▶ _PROBLEM STATEMENT_
Reproduce the material below only from the line with "Cooler Master MasterBox" to the line with "20190702 191839 e1562231483474", both included, keeping each line exact and dropping the pictures.

▶ _DATA SHOWN_
[Start of section]

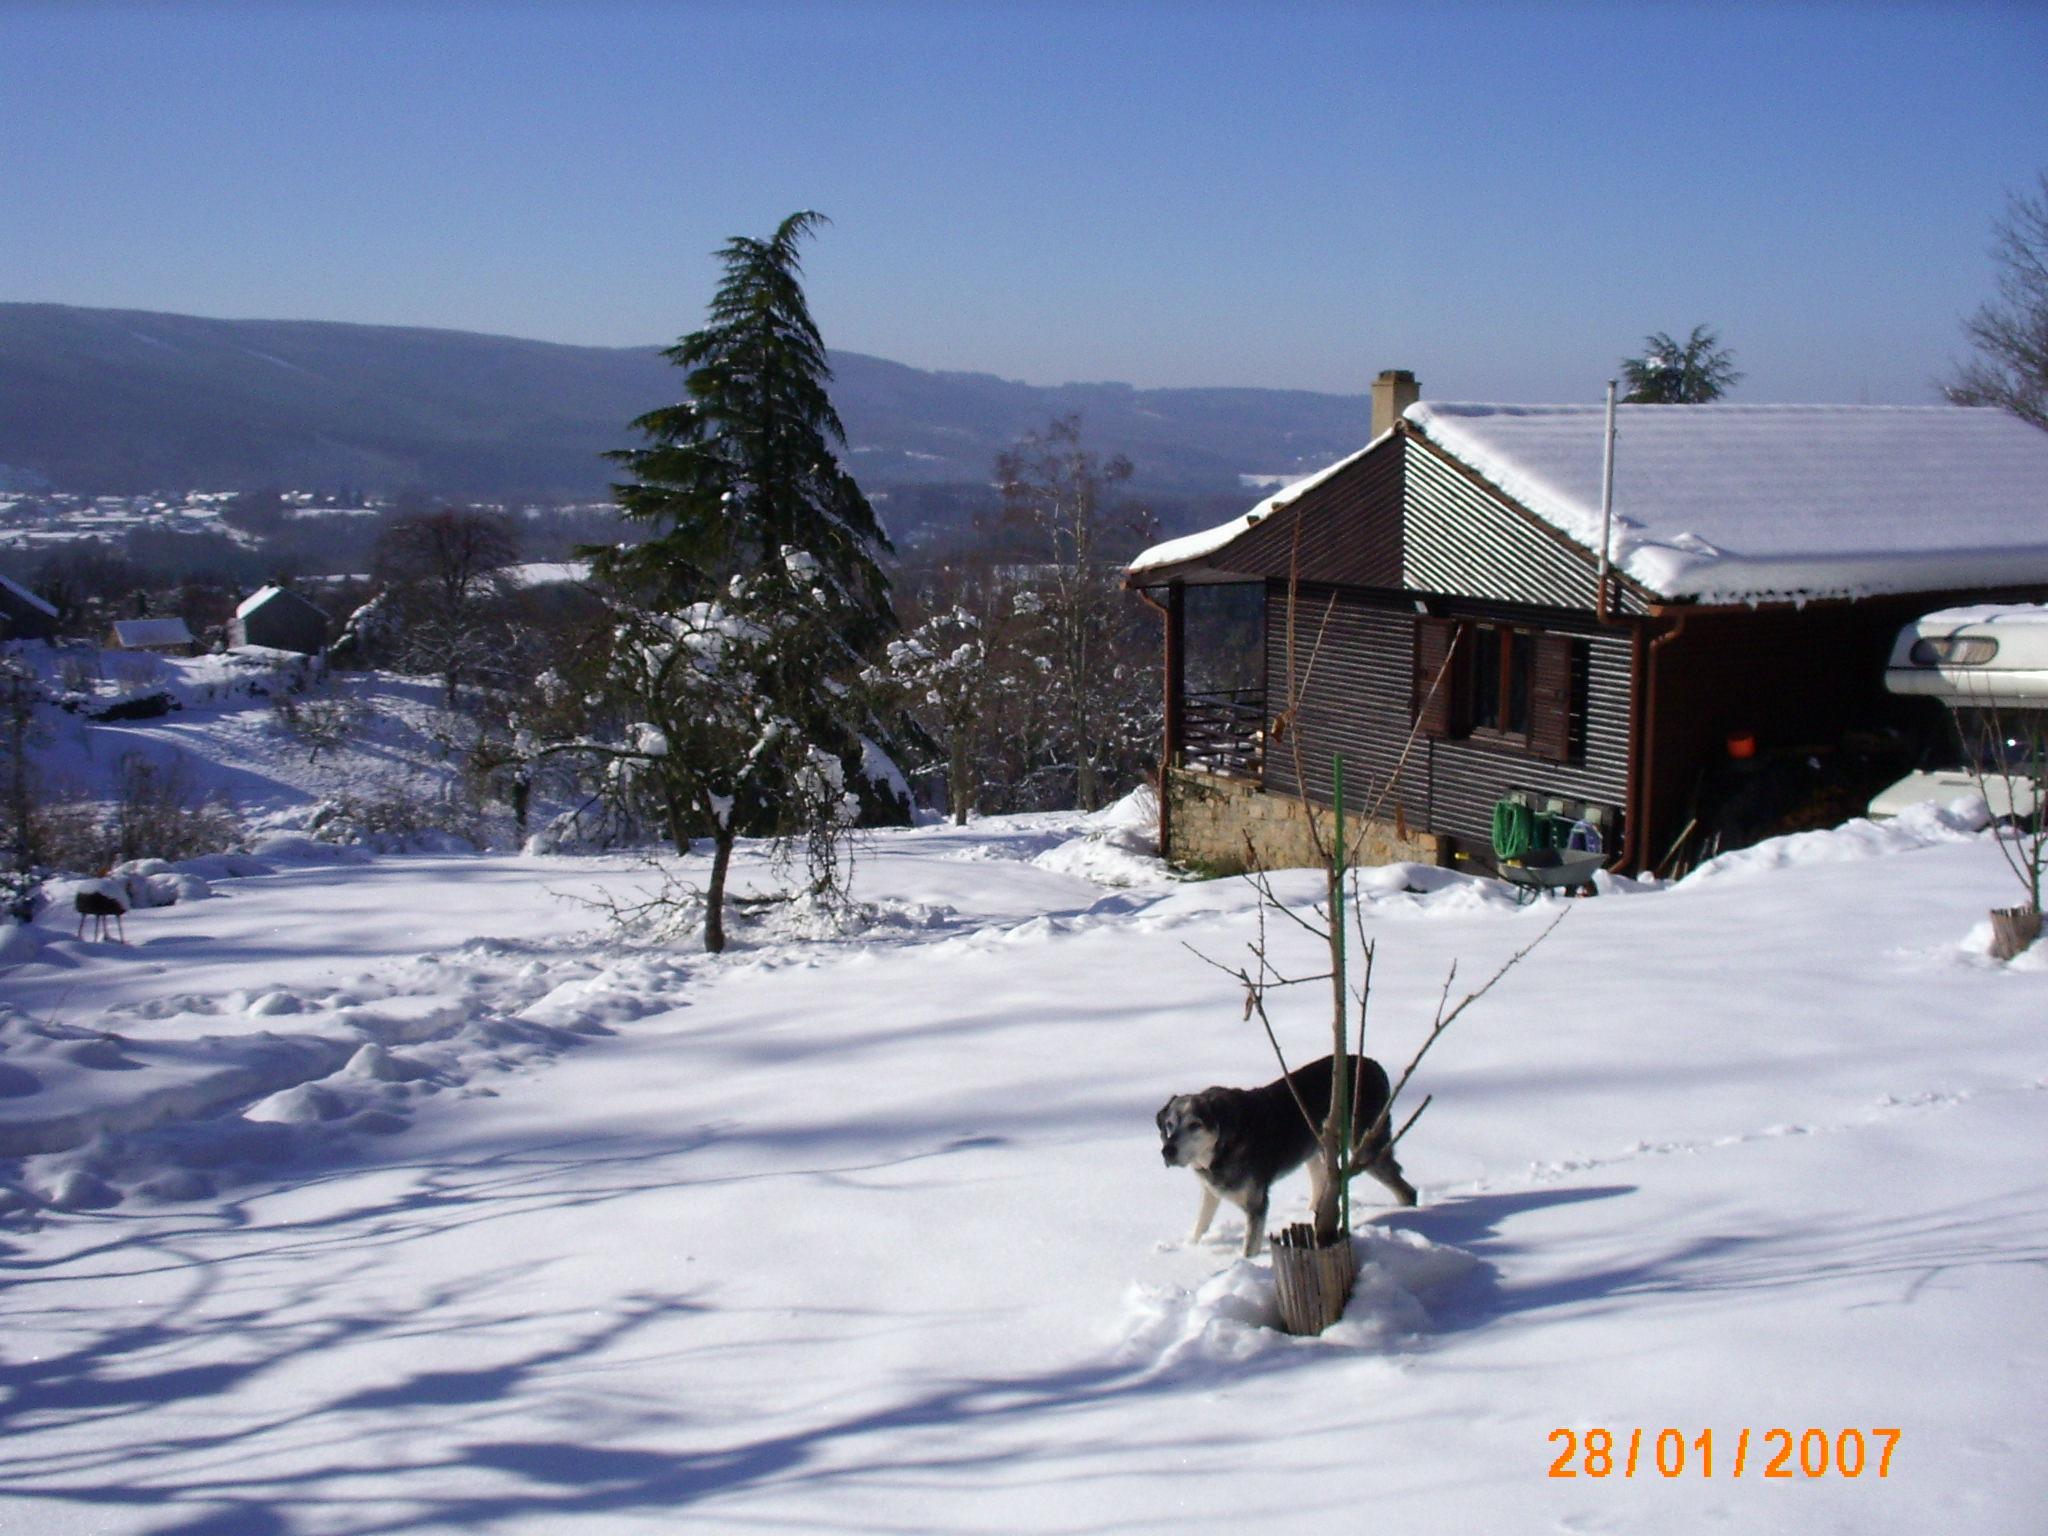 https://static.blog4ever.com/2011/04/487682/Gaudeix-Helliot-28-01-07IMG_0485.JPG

[End of section]
[Start of section]

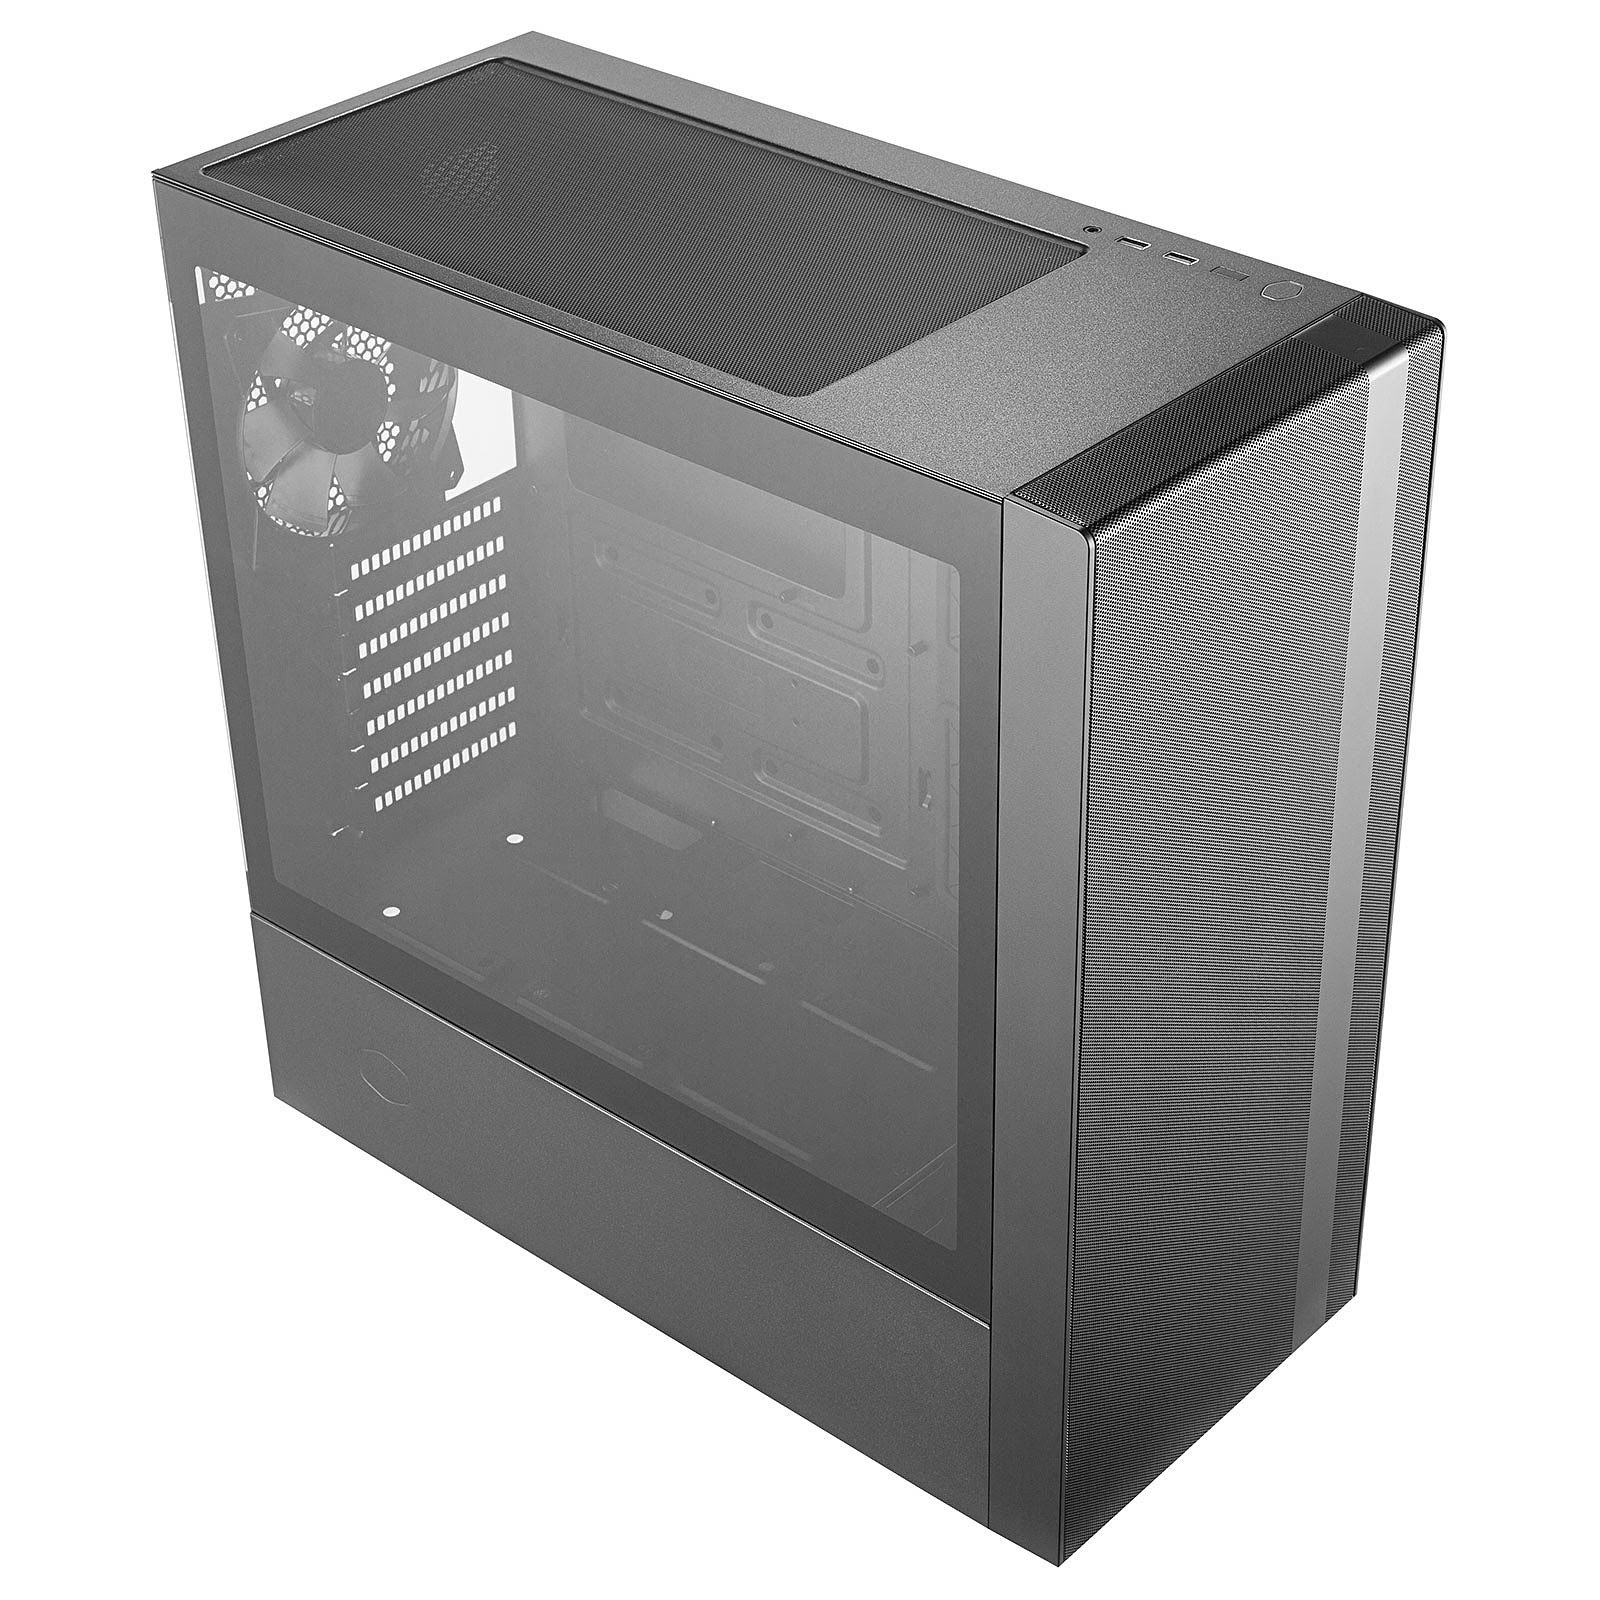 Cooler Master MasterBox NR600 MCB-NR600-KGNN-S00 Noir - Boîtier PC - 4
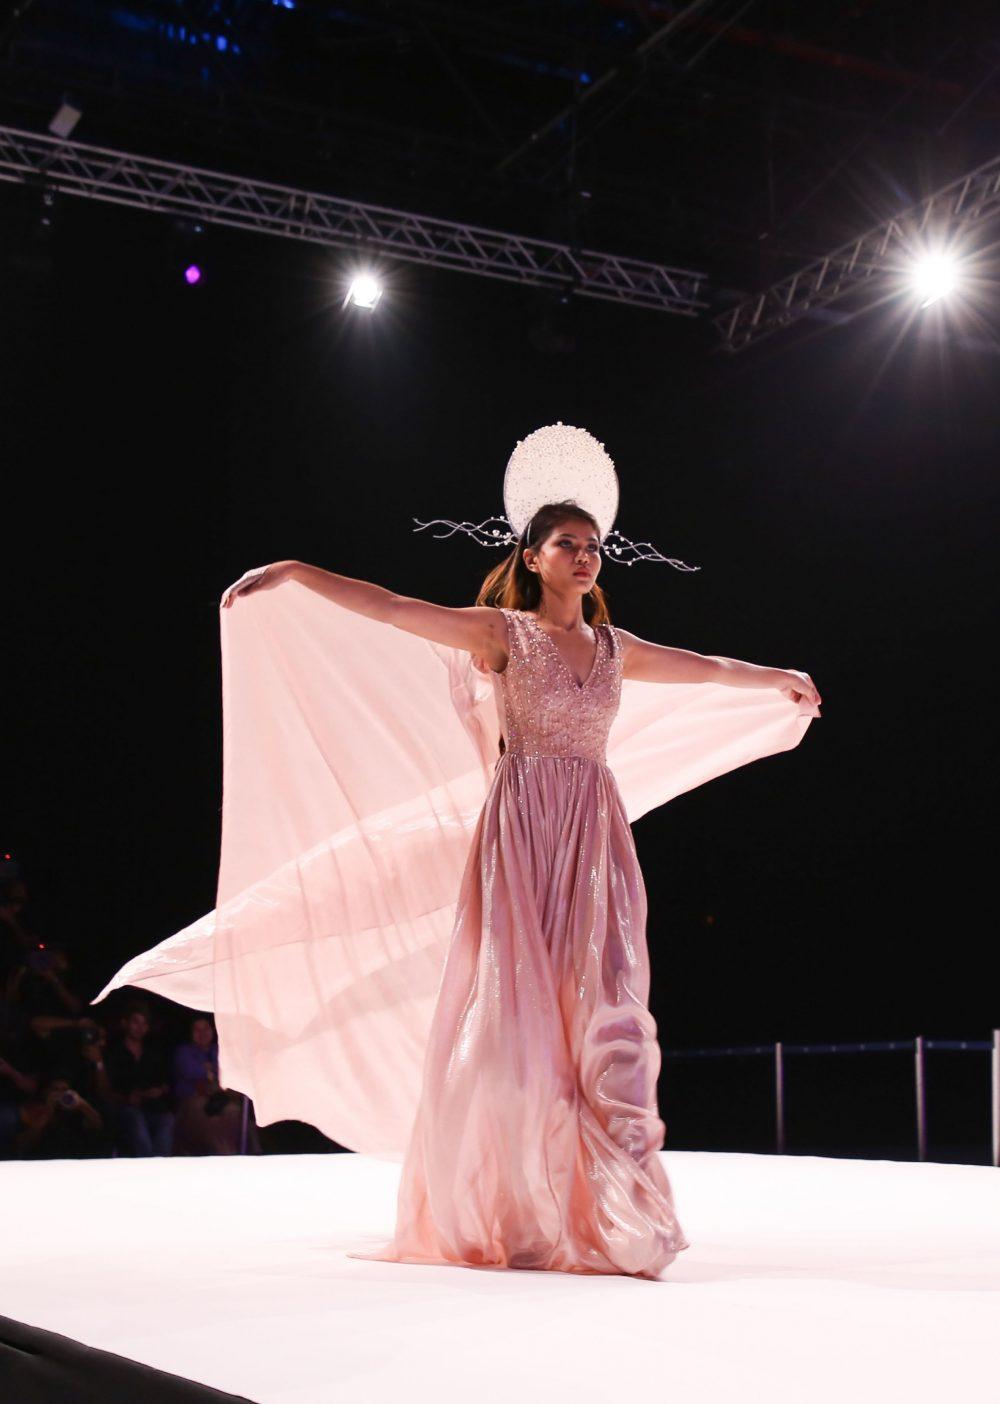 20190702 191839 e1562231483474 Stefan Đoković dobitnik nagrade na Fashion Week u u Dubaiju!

[End of section]

▶ _RESPONSE_
 Cooler Master MasterBox NR600 MCB-NR600-KGNN-S00 Noir - Boîtier PC - 4
 20190702 191839 e1562231483474 Stefan Đoković dobitnik nagrade na Fashion Week u u Dubaiju!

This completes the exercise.